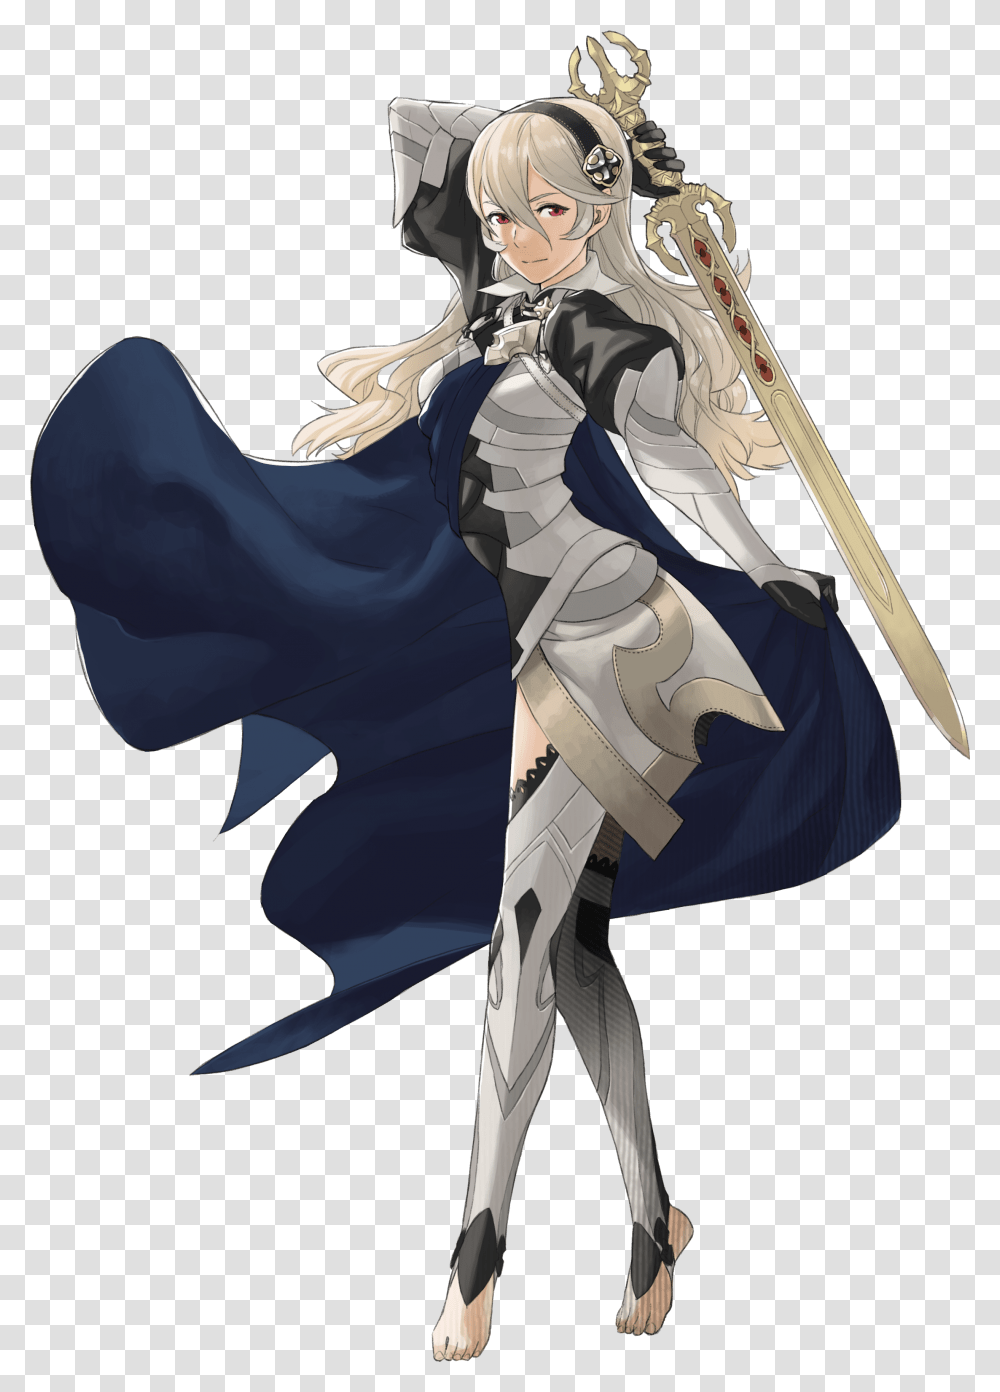 Corrin Female From Fire Emblem Fates Corrin Fire Emblem Female, Person, Human, Clothing, Apparel Transparent Png
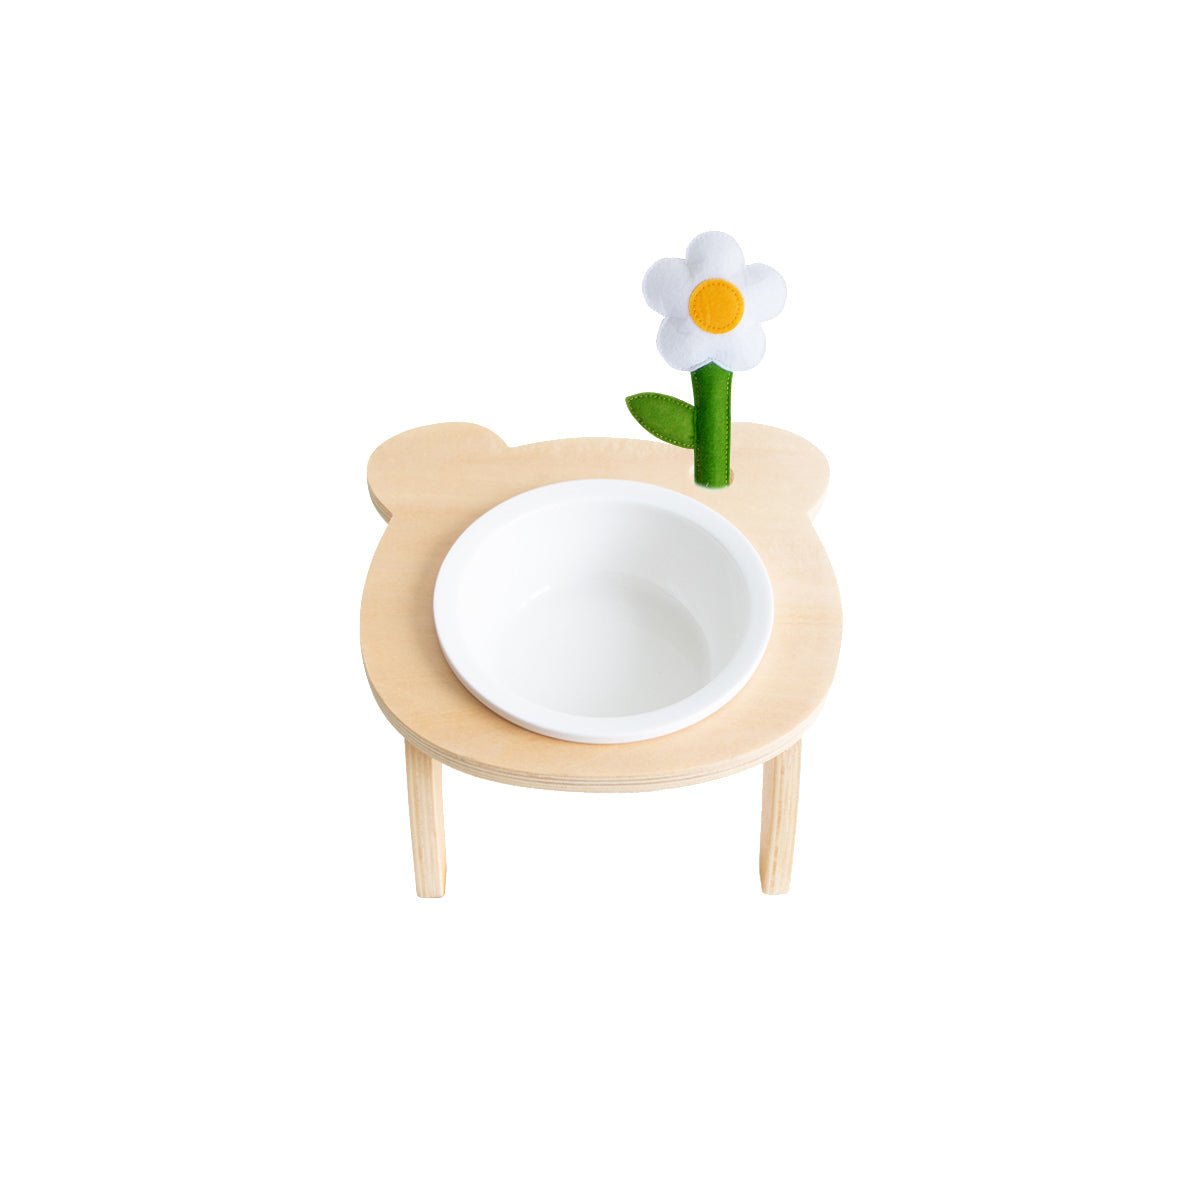 Daisy Tilted Single Pet Bowl With Stand - 0cm
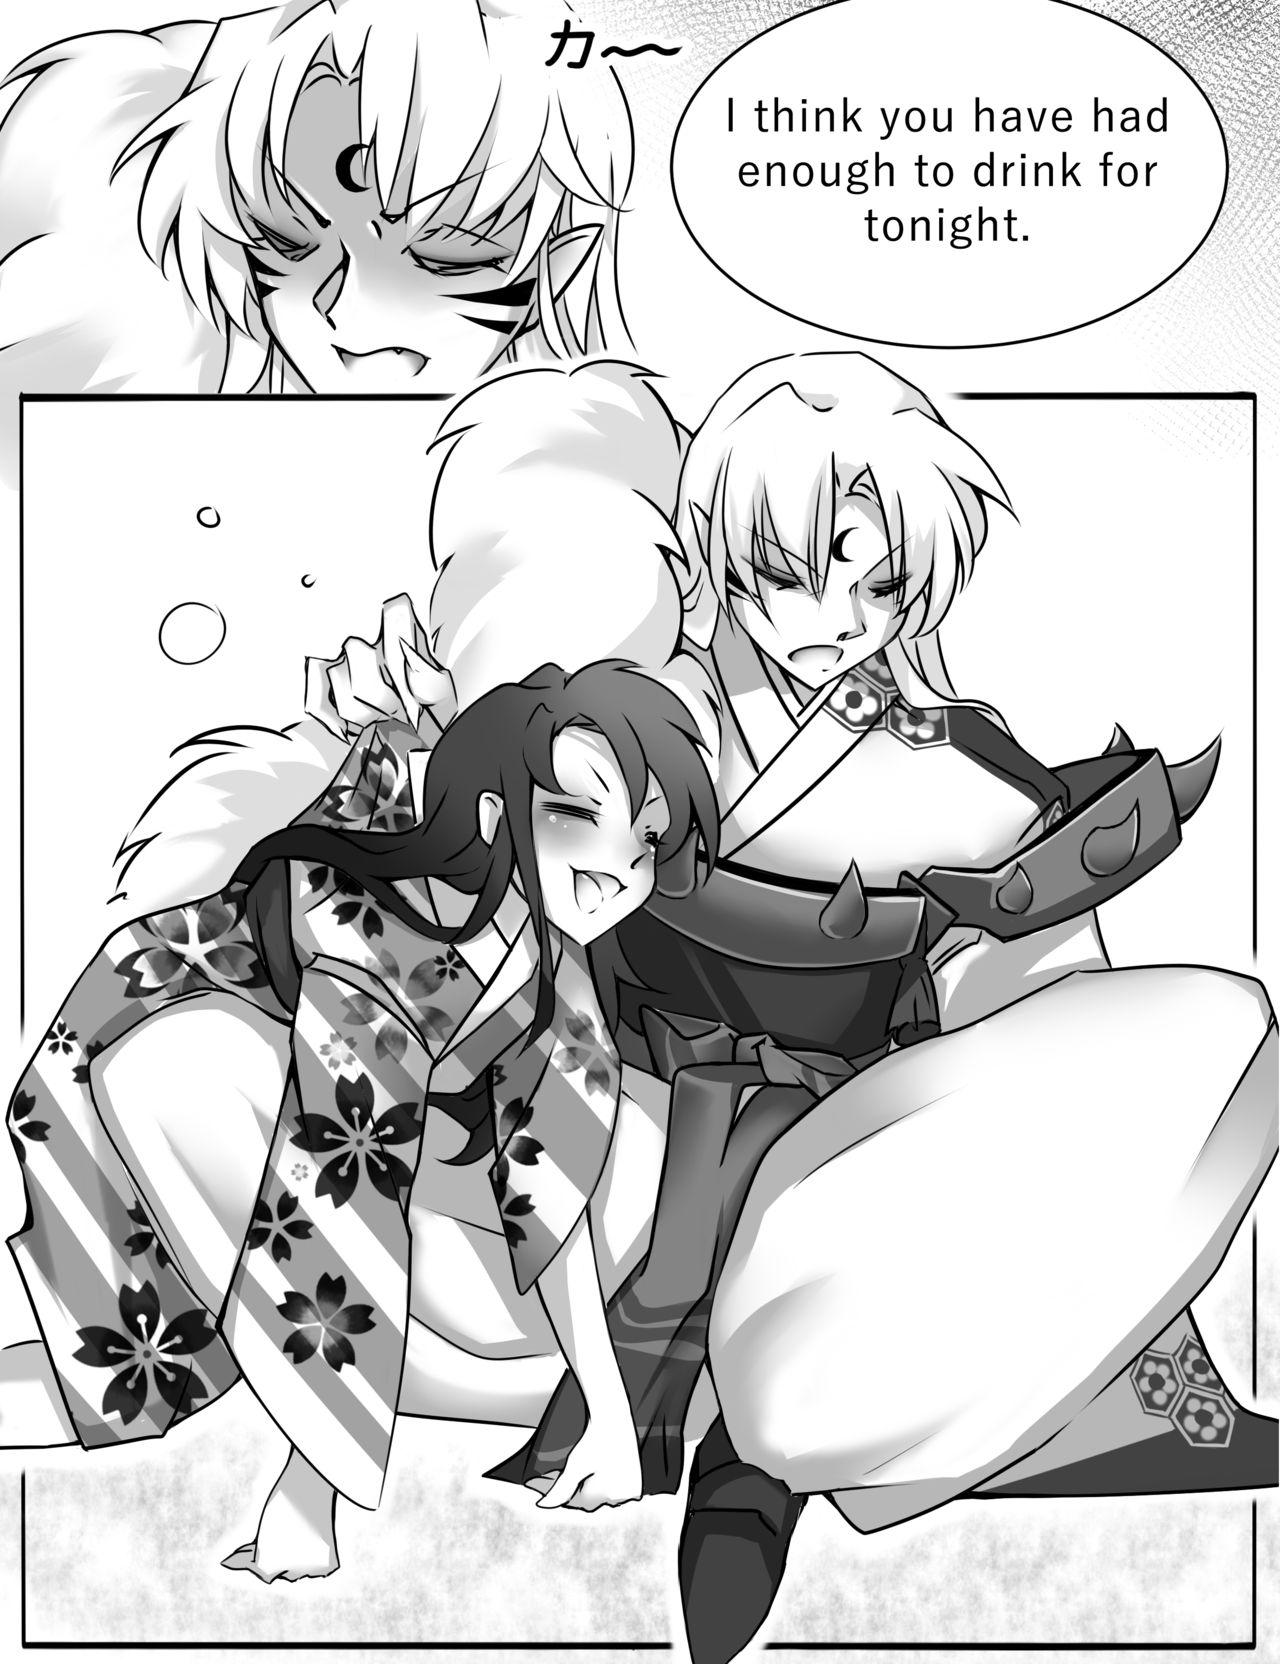 Sapphicerotica A fun night - Inuyasha Stepdaughter - Page 7
——————
Output the line containing "Daisy Tilted Single" and each line after it, through the end of the material, exactly as given. No pictures belong in the output.

 Daisy Tilted Single Pet Bowl With Stand - 0cm
 Sapphicerotica A fun night - Inuyasha Stepdaughter - Page 7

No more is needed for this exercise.